Readmission of Ca2+ after a short period of Ca2+-free perfusion results in a rapid and massive release of cytoplasmic proteins from the heart (calcium paradox). Maximal release rates of proteins are already reached within 2 min after Ca2+ repletion. The precise mechanism underlying the loss of cellular membrane integrity, resulting in the loss of intracellular proteins, has not been clearly defined. The present study indicates that neither substantial degradation of phospholipids, being important constituents of myocardial membranes, nor accumulation of fatty acids occur during the early phase (within 1.5 min) of Ca2+ readmission. Thereafter significant amounts of such fatty acids as arachidonic acid accumulate in the Ca2+ repleted hearts.
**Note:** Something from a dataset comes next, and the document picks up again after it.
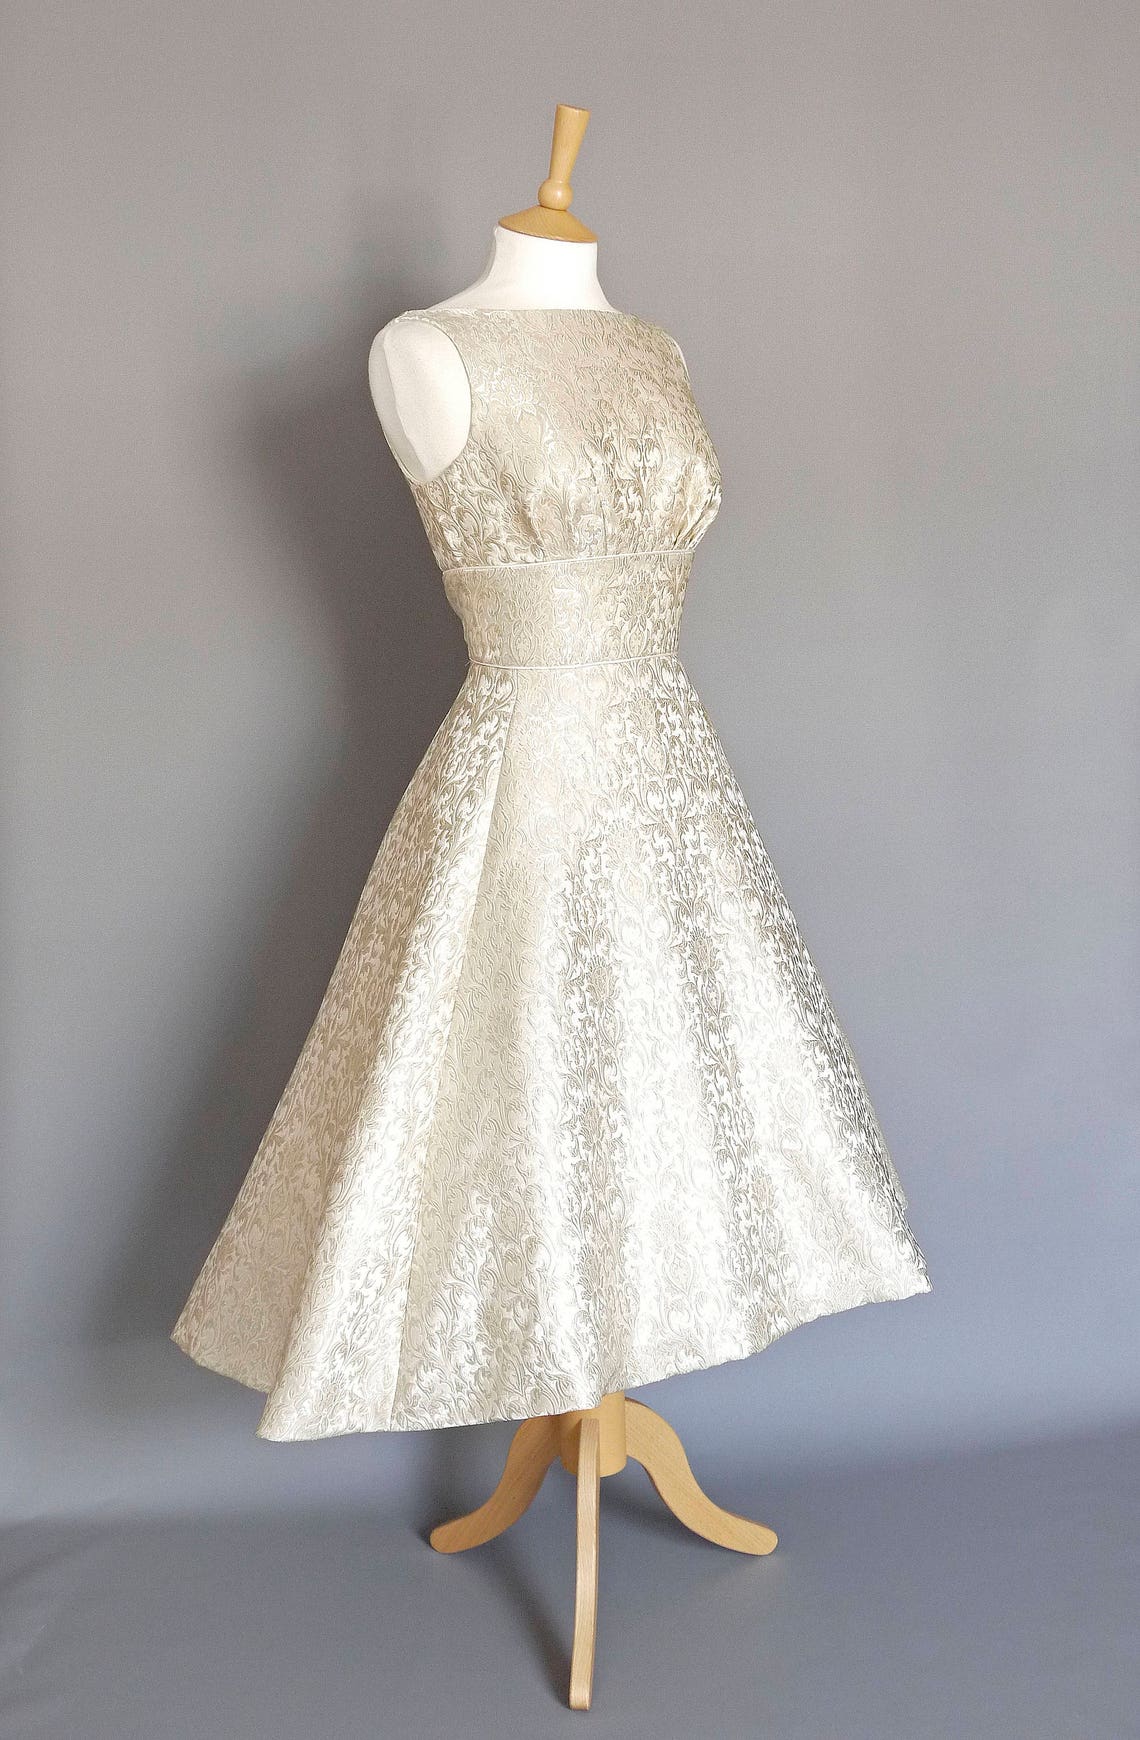 Silver and Pearl Brocade Tiffany Wedding Dress With Dipped Hem - Etsy

The late onset of arachidonic acid accumulation, most likely reflecting phospholipid degradation, is considered to be an epiphenomenon occurring in myocardial cells which became heavily damaged, as indicated by the substantial loss of lactate dehydrogenase, during the early phase of Ca2+ repletion. Interestingly, tissue fatty acid levels increased already significantly during the Ca2+-free perfusion period (by about 240%). The significance of this finding is not completely understood. A possible causal relationship with disturbed ion homeostasis during the induction of calcium paradox remains to be established.